I called my mate (who got punched the other night) and asked if I could borrow the van in the next couple of days, or perhaps the trailer, just to get the rack into Gosford, as I now had the keys.

He said he would see, the trailer was loaned to someone in Sydney, and he only had a couple of short jobs tomorrow, so he would call me in the afternoon.

I watched a bit of tv after that.

I went in and saw my parents, had dinner with them, told them what was going on, since I wanted to find out what Dad was doing tomorrow, so I could arrange to get the gear moved into Gosford.

He was going to go back to work today, but he decided he would take an extra day off, so he could help, and be there while the gear moved in.

Cool. I could have got my mate (that I go to dinner with) to help me, but he likes to play snooker on Tuesdays, and I'd rather not interrupt that if I can help it.

I sat and watched tv for a while.
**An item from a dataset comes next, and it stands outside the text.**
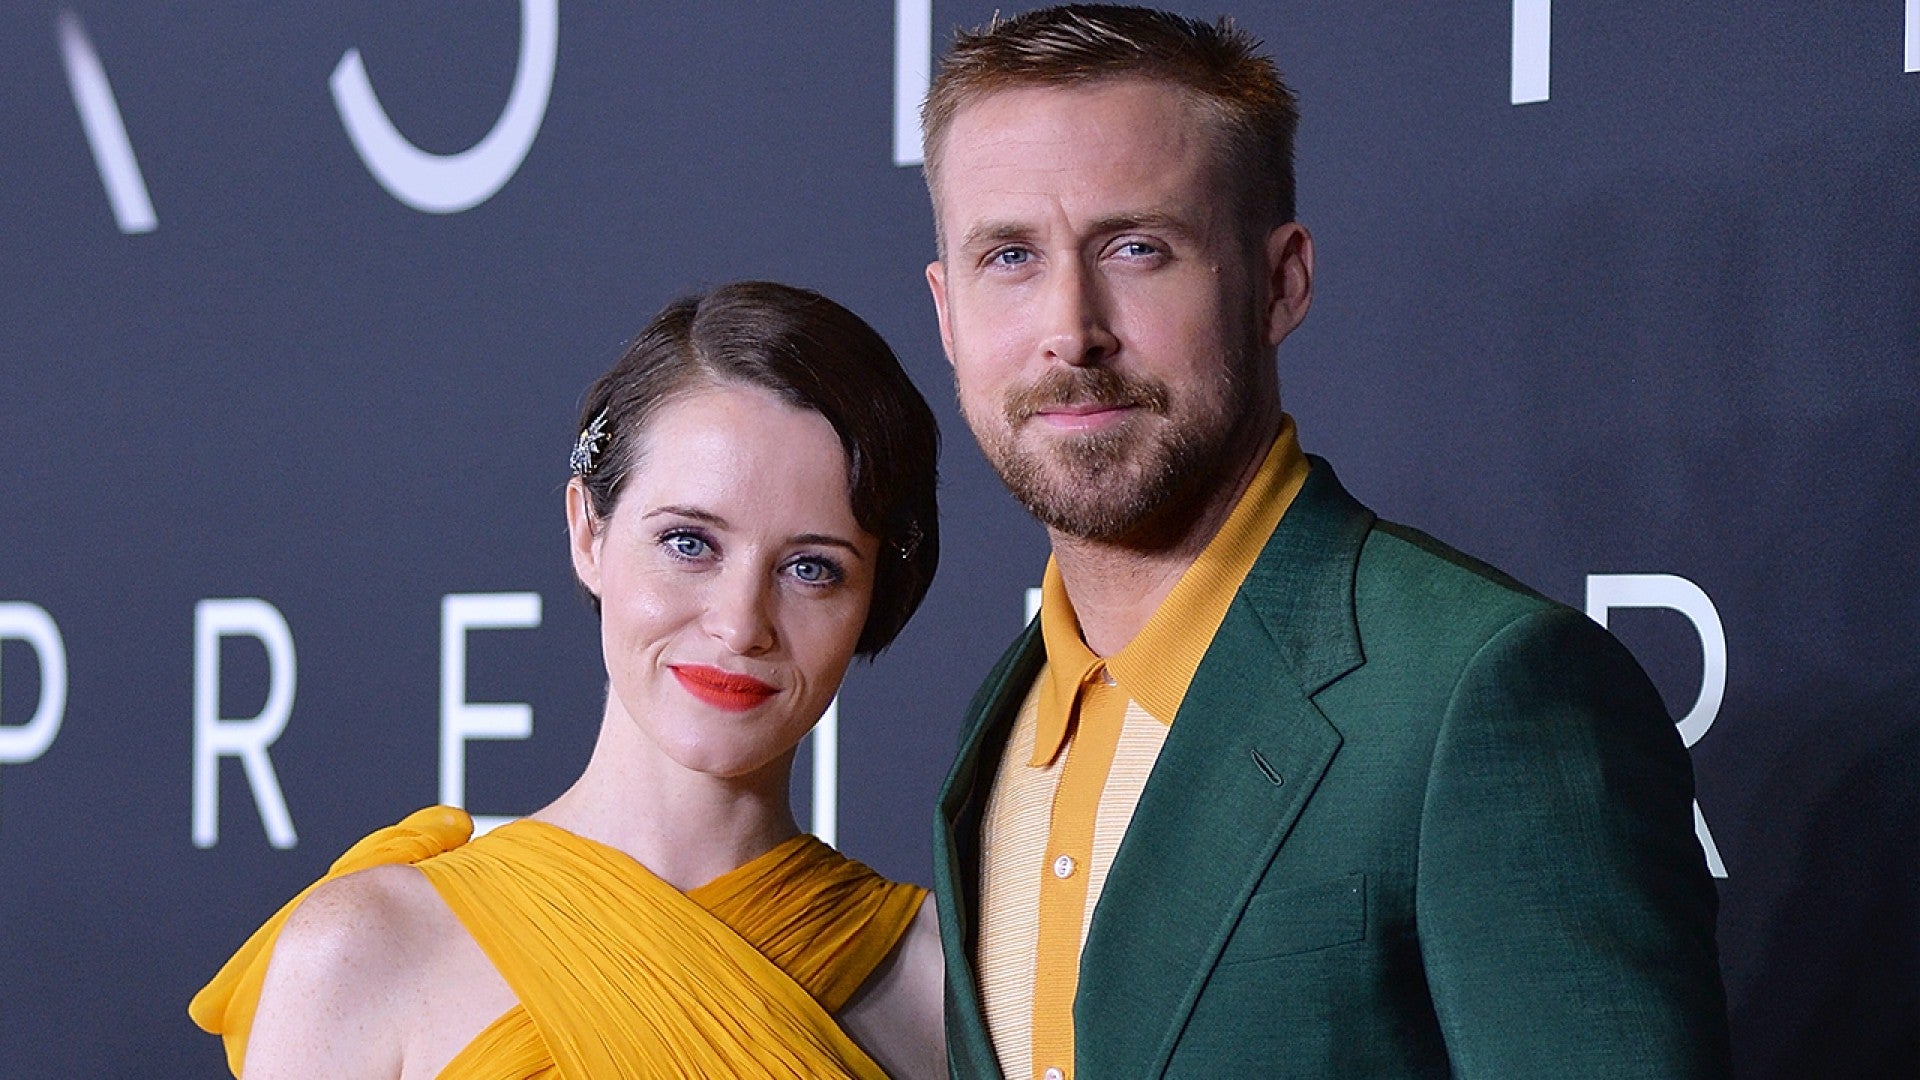 13 Best Ryan Gosling Gifts for 2018 - Unique Ryan Gosling

They must have changed the timing on the key updates (or my machine was behaving) because it rarely had issues/mpeg breakup. (Except for one time, when the machine locked up and I had to come reboot it, just after I had told the story about the dodgy caps to my parents).

I came back in a bit after midnight, IRCed for a while, I talked about the caps in there, someone pointed me at a site about capacitors, it says that capacitors have much reduced capacitance when run well below their rating (I got 63v rated to replace 6.3v rated), and I'd also read things saying that motherboards need "low ESR" caps, which "normal" electorlytics are not.

I guess I will need to chase some more closer to spec caps, I found a site on the internet where some guy sells kits of caps you need to replace the caps on certain boards, maybe he has one for mine (Abit KT7 non RAID).

I went to bed about 3am, after watching more tv.